Multi Agent Error Propagation

In short: Multi-agent error propagation is the discipline of having each subagent recover from failures it can handle locally and pass only unresolvable errors up to the coordinator. When it does propagate, it includes partial results and a record of what it already attempted, so the coordinator can decide without redoing the work.

What multi agent error propagation means

In a coordinator-subagent system, multi agent error propagation is the set of rules deciding which failures a subagent fixes itself and which it forwards to the coordinator, and what context it attaches when it does forward one. The design goal is a system that absorbs ordinary failures at the edges and only surfaces, to the hub, the problems that genuinely need a hub-level decision.
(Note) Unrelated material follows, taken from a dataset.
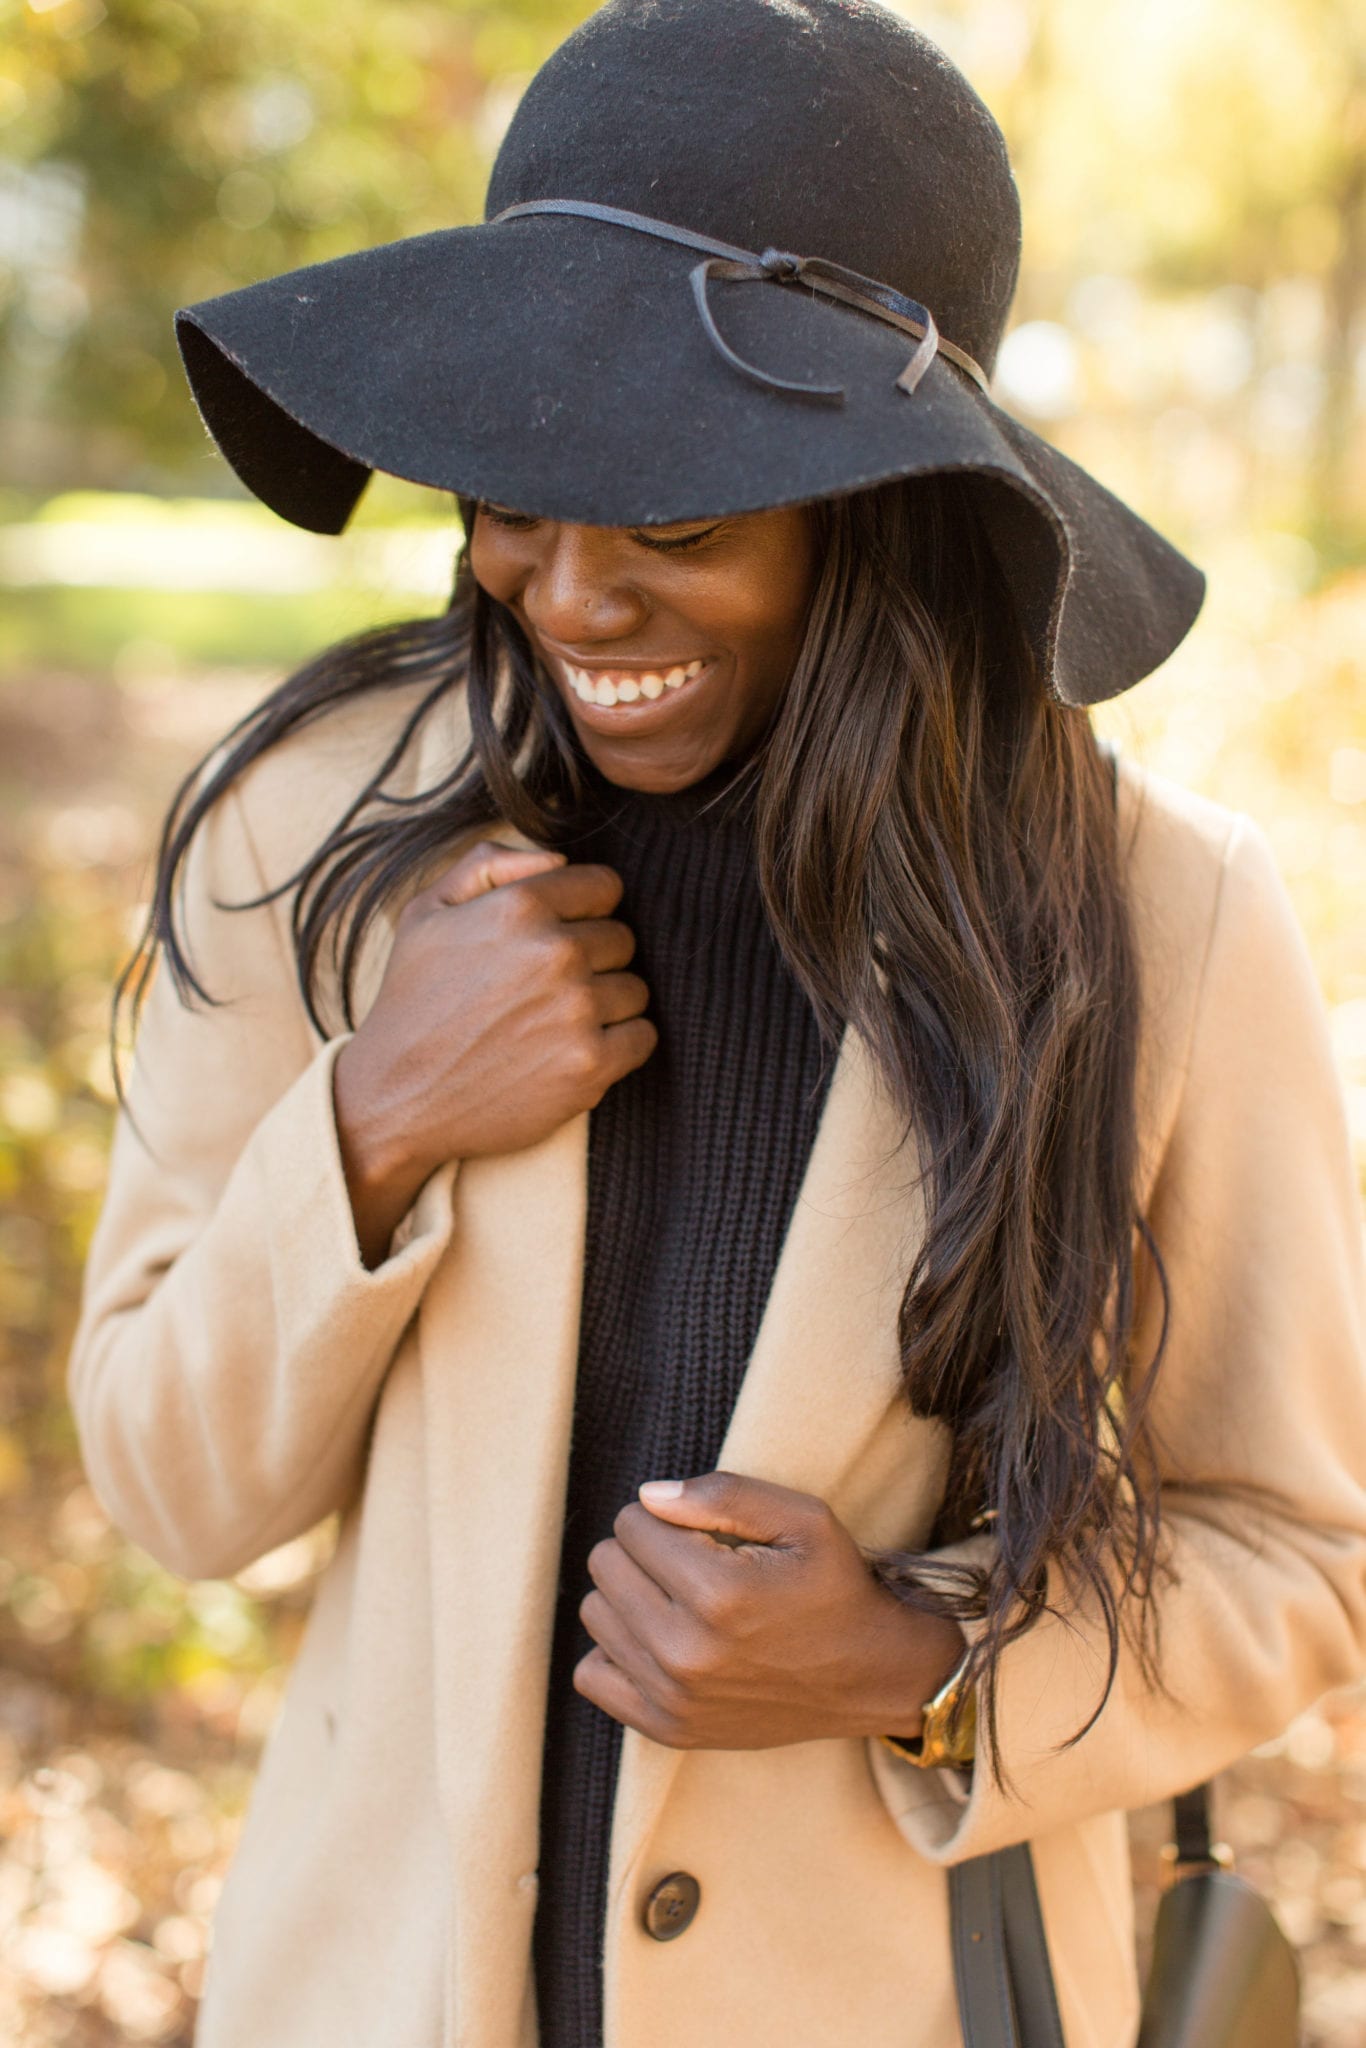 There's nothing more stylish about a fall/winter wardrobe than camel coats. The neutral palette makes it the best for matching all of your #ootds this season. Of course, I enjoy a nice pop of color, but I enjoy the versatility that neutrals can bring. Check out my camel coat choices on the blog! | GoodTomiCha Southern Fashion + Lifestyle Blogger

Done well, the coordinator spends its attention on routing and judgement; done badly, it drowns in noise that a subagent should have handled.
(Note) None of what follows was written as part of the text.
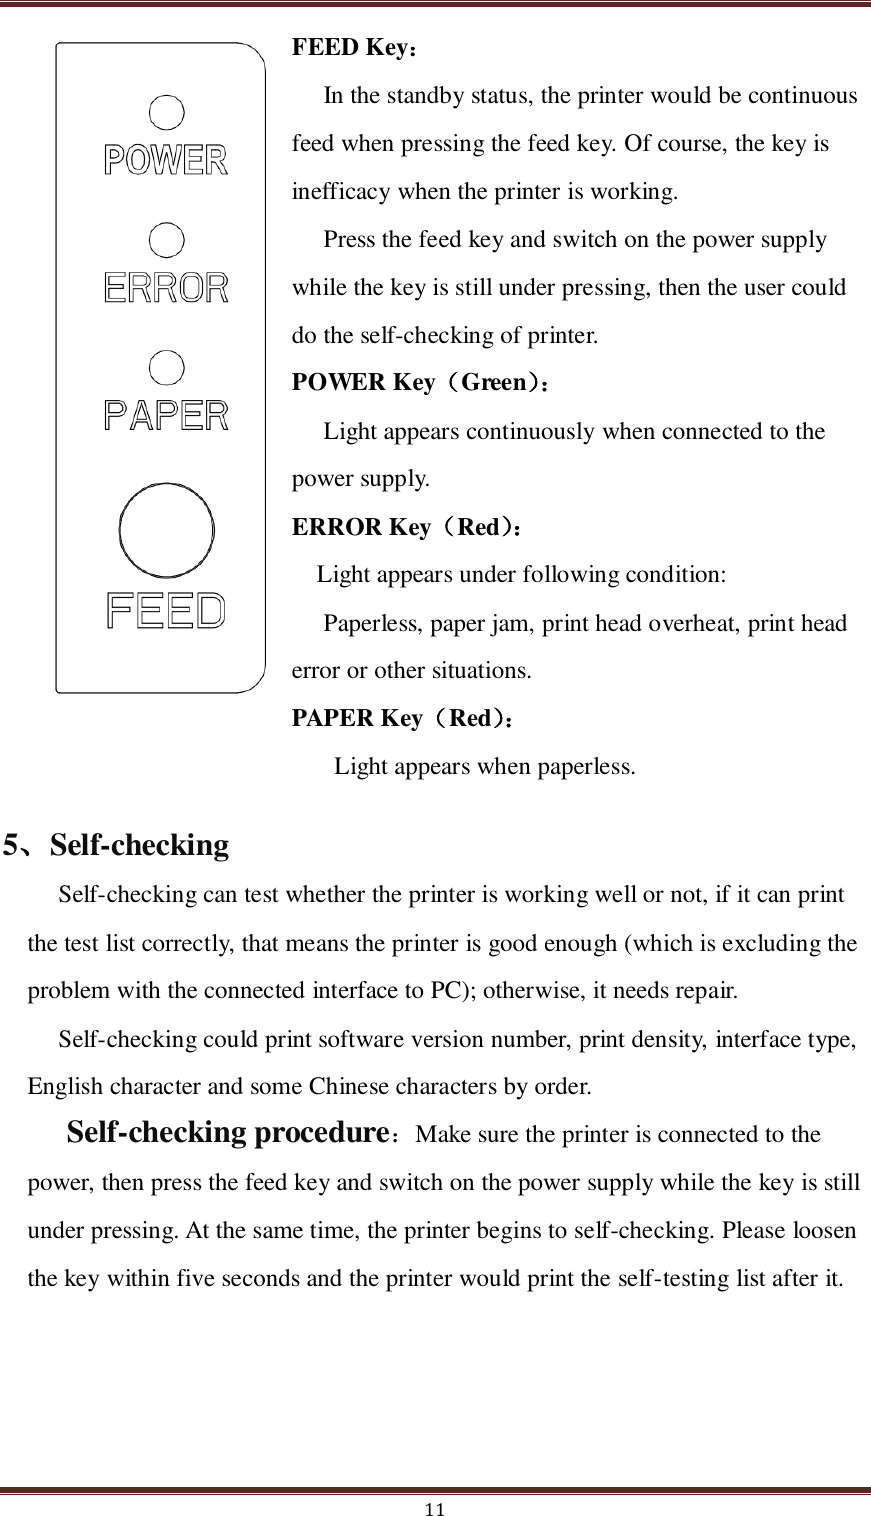  11 FEED Key：   In the standby status, the printer would be continuous feed when pressing the feed key. Of course, the key is inefficacy when the printer is working. Press the feed key and switch on the power supply while the key is still under pressing, then the user could do the self-checking of printer. POWER Key（Green）：  Light appears continuously when connected to the power supply. ERROR Key（Red）：   Light appears under following condition:   Paperless, paper jam, print head overheat, print head error or other situations. PAPER Key（Red）：    Light appears when paperless. 5、Self-checking Self-checking can test whether the printer is working well or not, if it can print the test list correctly, that means the printer is good enough (which is excluding the problem with the connected interface to PC); otherwise, it needs repair.   Self-checking could print software version number, print density, interface type, English character and some Chinese characters by order. Self-checking procedure：Make sure the printer is connected to the power, then press the feed key and switch on the power supply while the key is still under pressing. At the same time, the printer begins to self-checking. Please loosen the key within five seconds and the printer would print the self-testing list after it.

The shape of multi agent error propagation follows directly from the four error categories. A subagent can and should resolve transient failures locally by retrying with backoff, and it can fix its own validation errors. What it usually cannot resolve alone are business and permission failures, or a transient failure that persists past its retry budget. Those are the ones that earn a trip up the chain.

Local recovery is the subagent's first job

The first principle is that recovery starts where the failure happened. A research subagent whose web-search tool times out should retry it, not immediately tell the coordinator "search failed." A synthesis subagent that hits a brief rate limit should back off and try again. Anthropic's own account of building a multi-agent research system describes exactly this blend: pairing the model's ability to adapt when a tool is failing with deterministic safeguards like retry logic and regular checkpoints, so the system handles issues gracefully rather than collapsing at the first error.
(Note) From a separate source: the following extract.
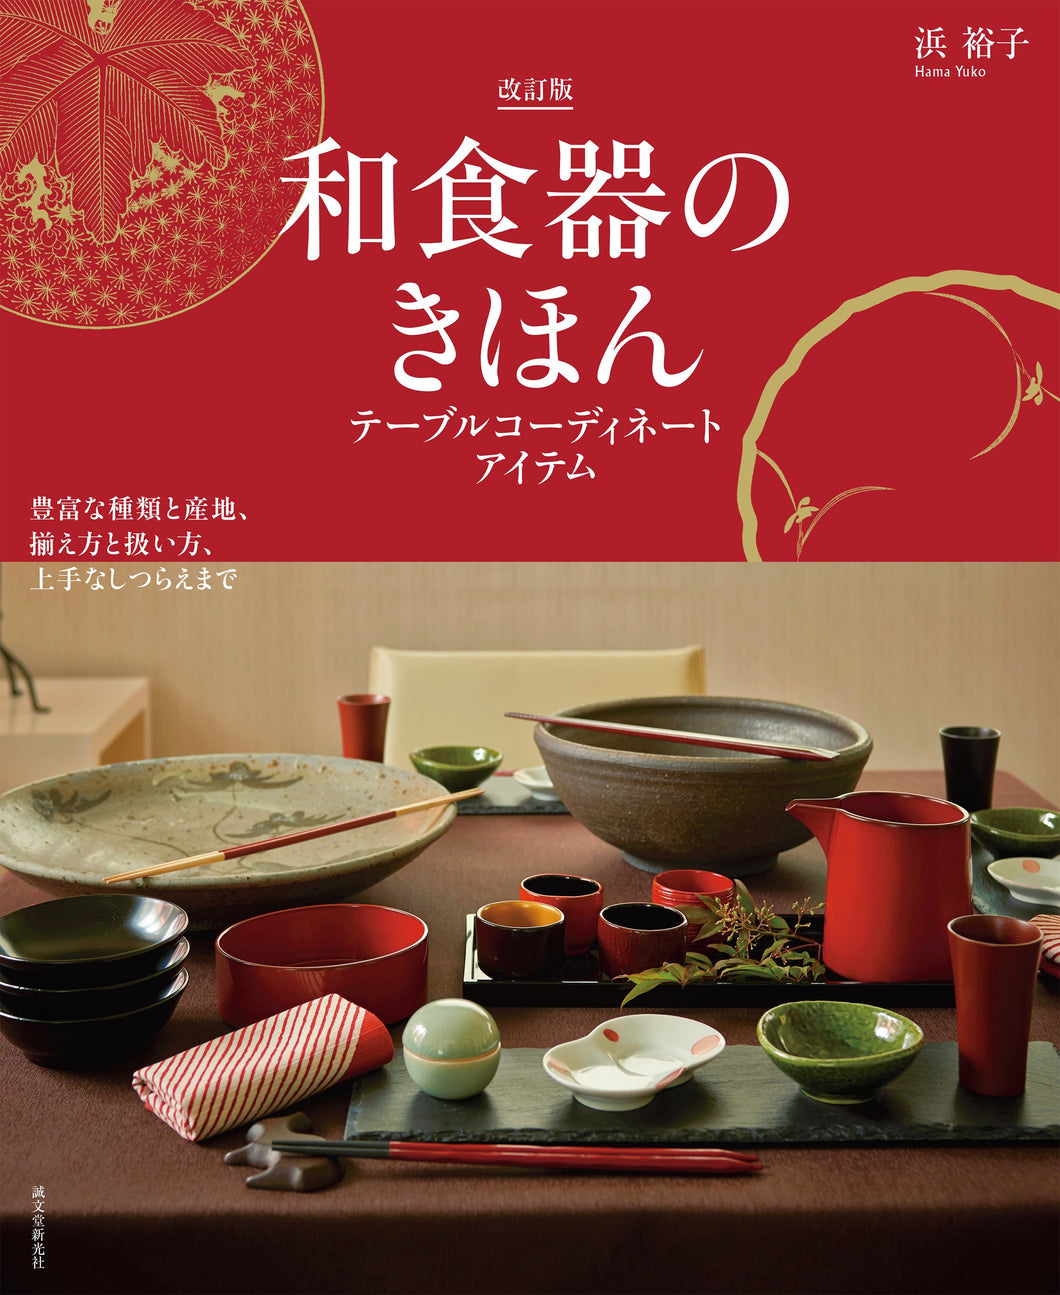 Revised version of the basics of Japanese tableware - Table coordination items

Local recovery matters because the subagent has the most context about its own task. It knows what it was trying to do, what it already retrieved, and whether another attempt is reasonable. The coordinator, by design, holds a higher-level view and lacks those local details. Pushing recovery down to where the context lives is both more efficient and more accurate than centralising it.

Propagate only what cannot be resolved

The second principle is restraint: forward only the errors you cannot fix. A subagent that propagates every transient hiccup turns the coordinator into a triage desk, forcing it to re-reason about failures the subagent was perfectly positioned to absorb. The anti-pattern the exam targets is exactly this, propagating every error to the coordinator without attempting local recovery first.

When a failure truly is unresolvable locally, a permission denial, a business rule, an outage that outlasts the retry budget, propagation is correct and necessary. The skill is in the threshold. Retryable and self-correctable failures stay local; deliberate refusals and exhausted retries go up. That threshold keeps the coordinator's queue small and meaningful.

Carry partial results and what was attempted

The third principle is about how you propagate. An error that arrives at the coordinator as a bare "I failed" forces the coordinator to start the subagent's work over. A well-formed propagated error instead carries two extra things: any partial results the subagent already gathered, and a record of what it attempted. Now the coordinator can decide intelligently, finish with what exists, reroute the missing piece to a different subagent, or escalate, without discarding completed work.

This is what makes propagation durable. Anthropic's research-system write-up stresses resuming from where an agent was when an error occurred rather than restarting from the beginning, because restarts are expensive and frustrating. Partial results plus an attempt log are precisely the breadcrumbs that make resumption, rather than restart, possible at the coordinator level.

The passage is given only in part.